Final Paper Number 414.081
Background: Despite the recommendation of publishing transcription protocol and annotator reliability for data generated from a speech corpus, most research does not include that information. Re-transcribing and directly comparing transcripts requires a very costly and labor intensive undertaking. Instead of using word-by-word re-transcription, Mean Length of Utterance in Morphemes (MLUM) can be easily calculated from transcripts and used as a reliability measure for intra- and inter-transcriber comparisons.
Objectives: Develop a computational method to determine transcriber consistency across a large speech corpus, beginning with an initial assessment of intra-annotator reliability.
Methods: Participants were recruited for an fMRI study at OHSU. Inclusion criteria were: age 7 to 17, IQ ≥ 70, having fluent/phrase speech, being native English speakers. The main data used in this study consist of the Autism Diagnostic Observation Schedule (ADOS-2) Module 3 that was administered at baseline. All administrations were recorded and transcribed according to transcription guidelines based on conventions used by Systematic Analysis of Language Transcripts (SALT) software. Transcripts for three tasks were selected: Emotions, Social Difficulties and Annoyance, and Friends and Marriage Conversations. Each activity for each child was split into two parts by selecting even and odd lines. MLUM was then calculated for each part. Intra-annotator agreement was evaluated using the intraclass correlation (ICC) calculated for two-way mixed effects models, single measurement, absolute agreement type.
Results: The sample comprised 57 children with ASD (mean age:11.3 years; 78.9% male; mean IQ: 101.7) and 60 controls without ASD (mean age:11.4 years; 56.7% male; mean IQ: 111.9). Across tasks and groups, means MLUMs ranged from 5.6 to 6.7 and mean number of utterances ranged from 43.2 to 72.8. ICC between the even and odd MLUM was 0.714 for Emotions (95% CI: 0.613 < ICC < 0.792), 0.624 for Annoyance (95% CI: 0.5 < ICC < 0.723), and 0.708 for Friends (95% CI: 0.604 < ICC < 0.788), indicative of moderate to good levels of reliability (see Figure). Paired-t-tests between the MLUM halves were all non significant, indicating very good within task intra-rater agreement between the two randomly generated MLUM estimates. When examined by ASD status, ICC did not differ significantly between the two groups although reliability in ASD was higher than for controls on the three tasks. Using age and IQ median splits (11.3 years and 110, respectively), we further established that age had no discernable effect on ICC across tasks, and that there was a trend for lower reliability on two tasks among subjects with higher IQ. However, all ICCs across age and IQ groups remained in the moderate (>.50) range.

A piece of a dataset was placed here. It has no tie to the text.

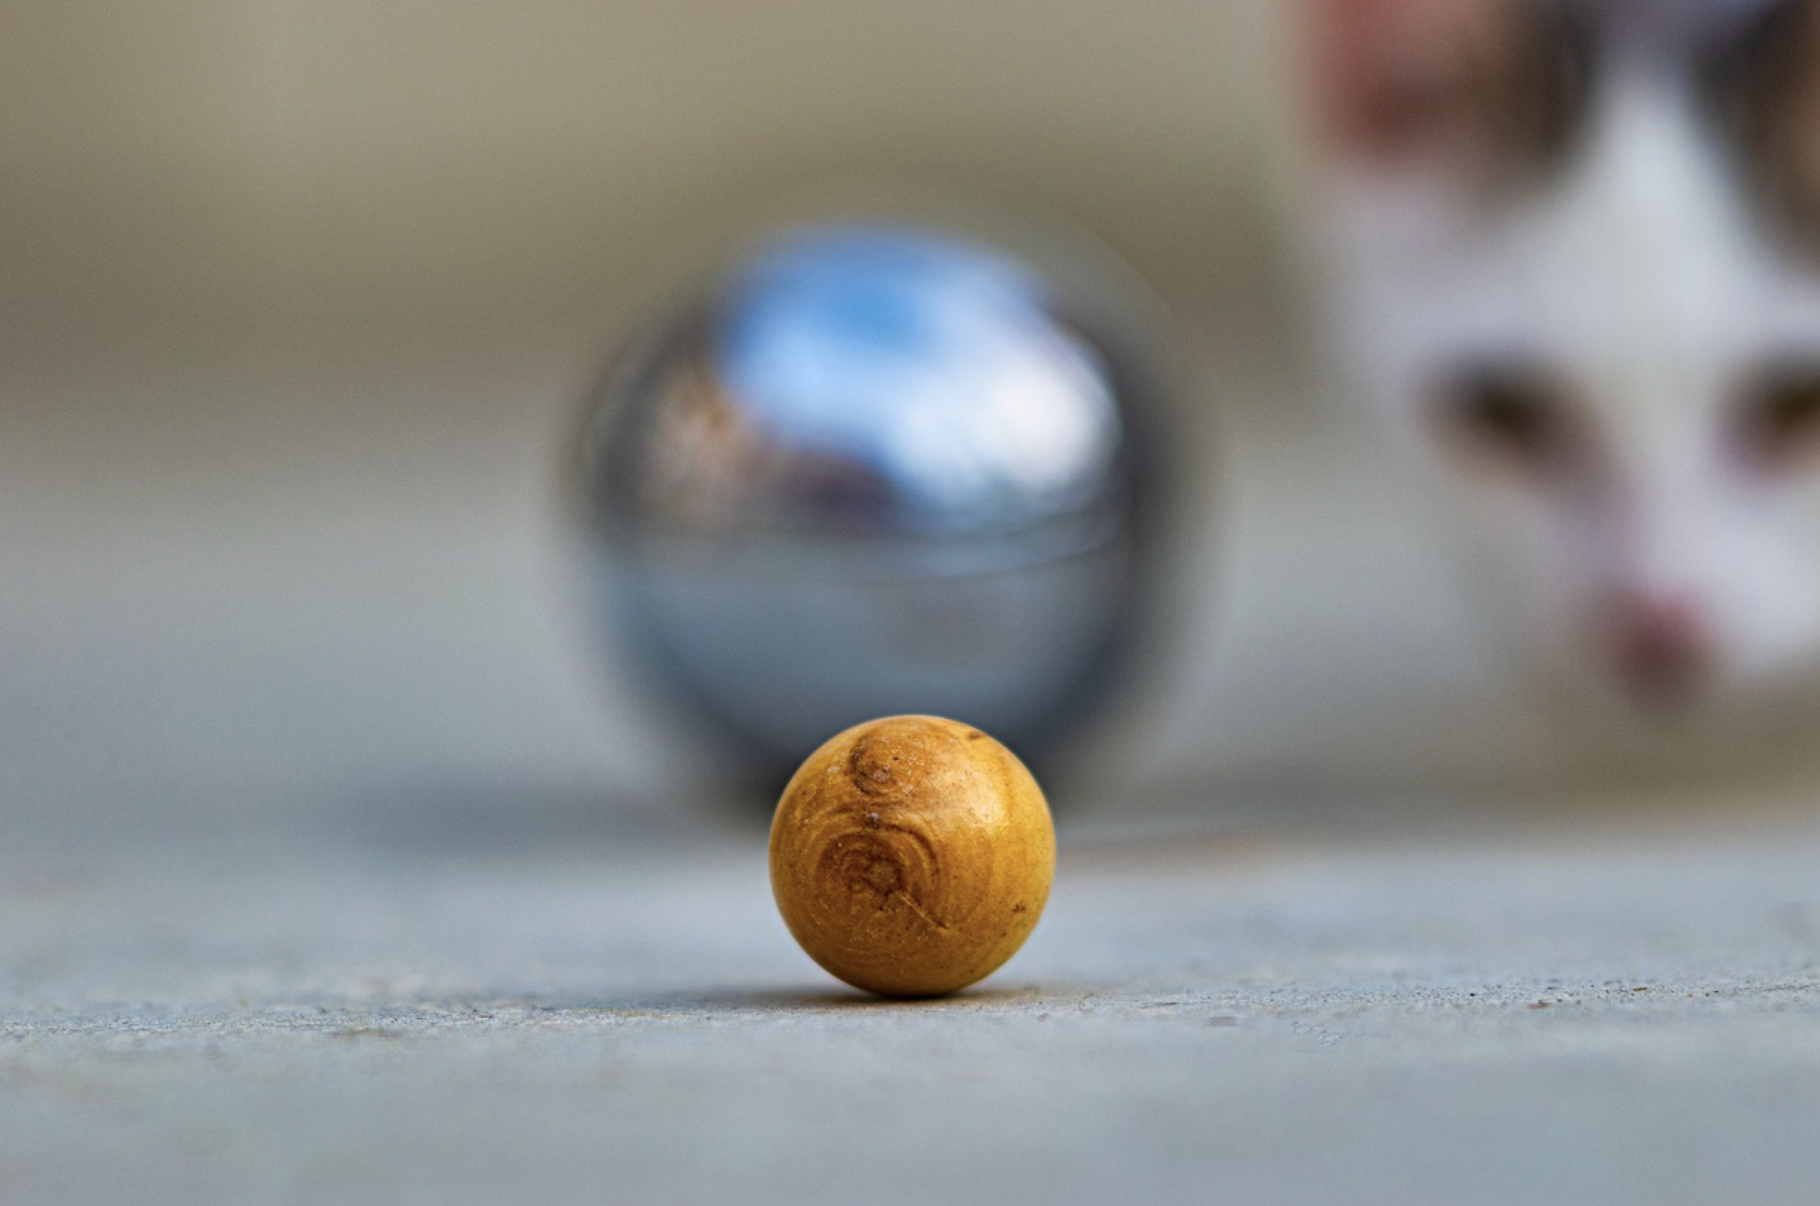 la boule de petanque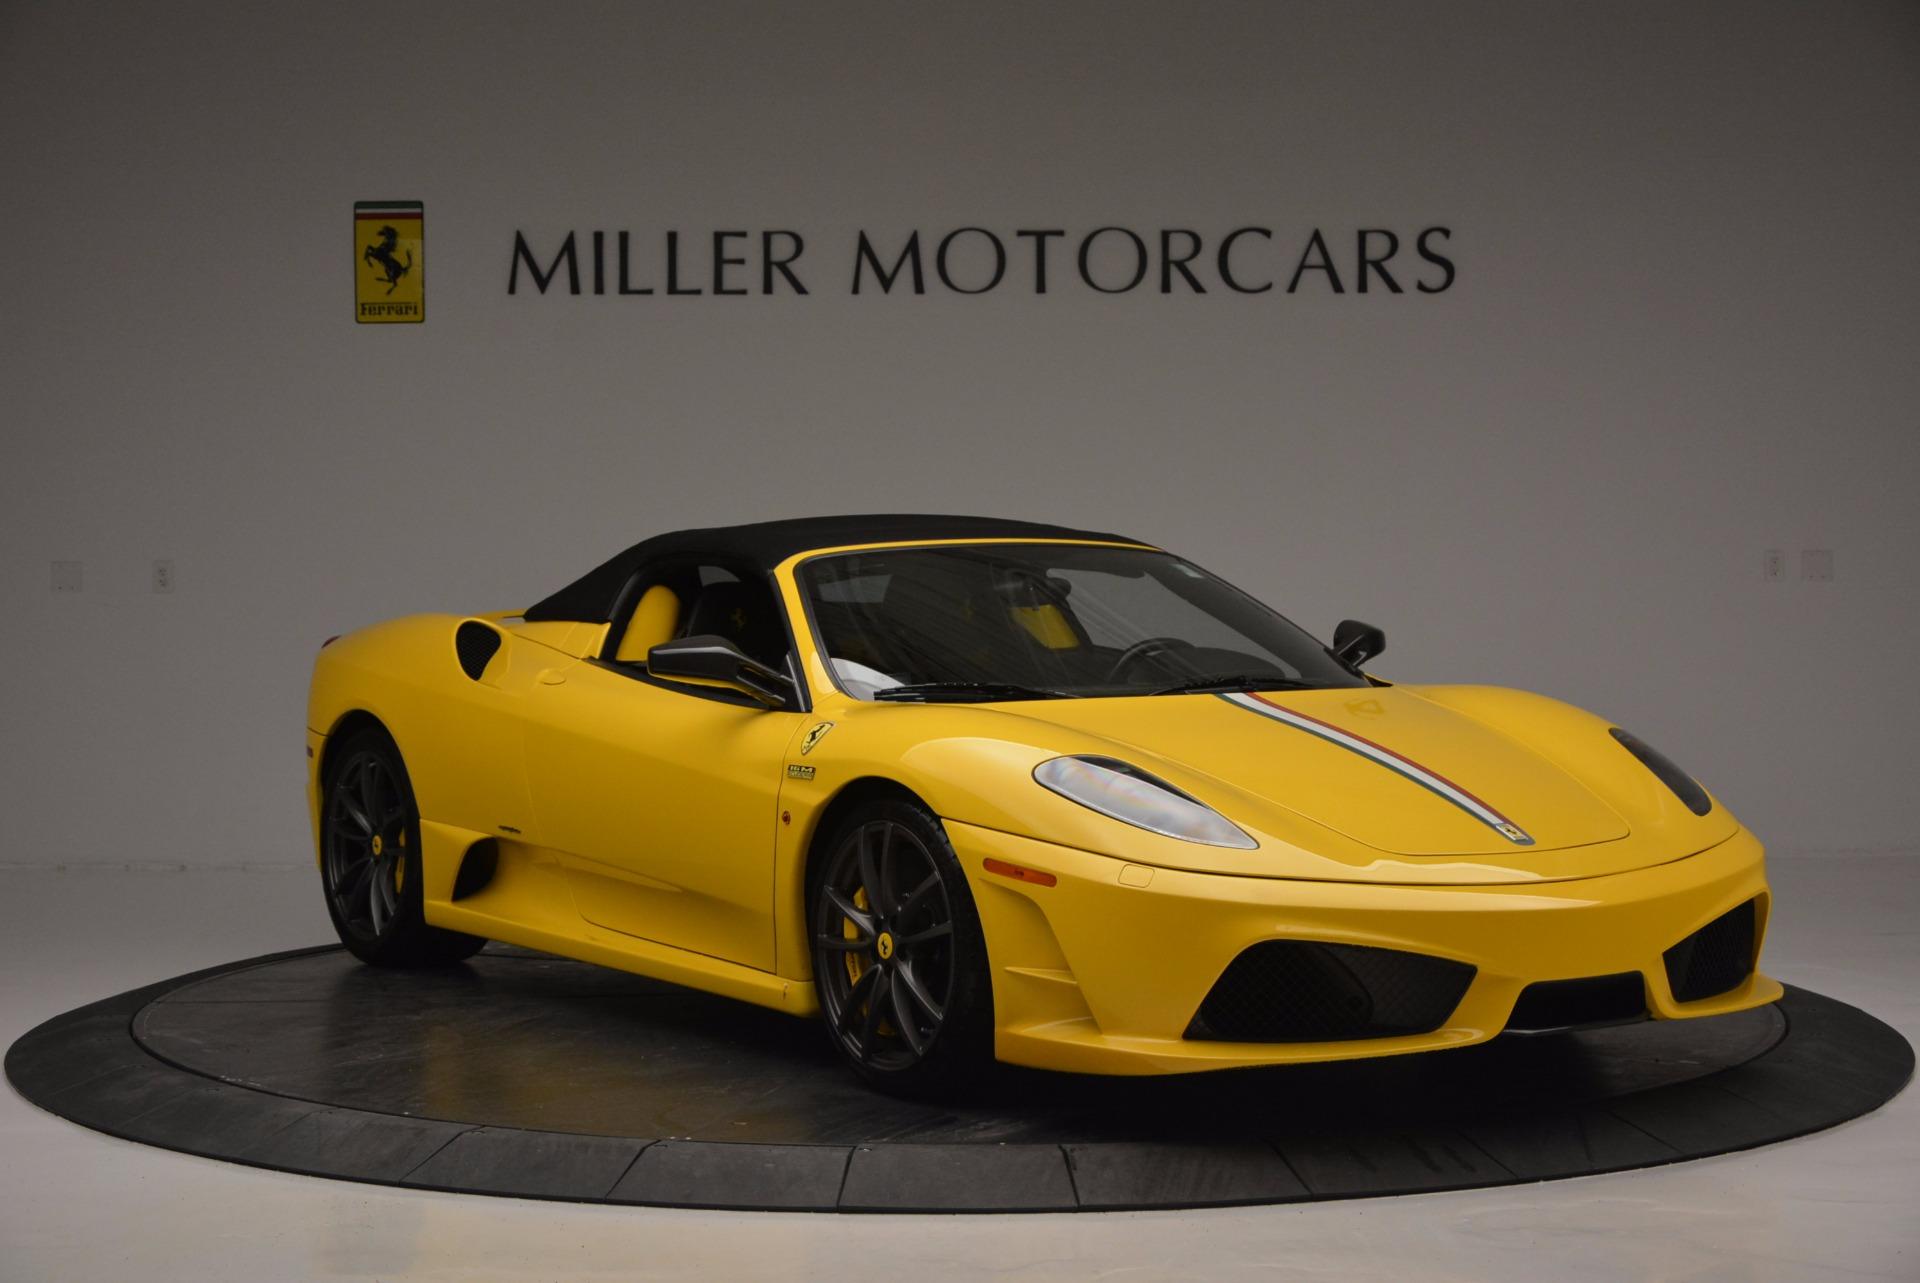 Used 2009 Ferrari F430 Scuderia 16M For Sale In Greenwich, CT. Alfa Romeo of Greenwich, 4369 856_p23

Conclusions: Calculating MLUM for two random halves within each activity, while not ideal, provides an efficient and valid measure of intra- annotator reliability. Comparing this across an entire transcription team offers a substitute when full inter-annotator reliability is not feasible. We emphasize that all research conducted on speech corpora should present associated reliability data.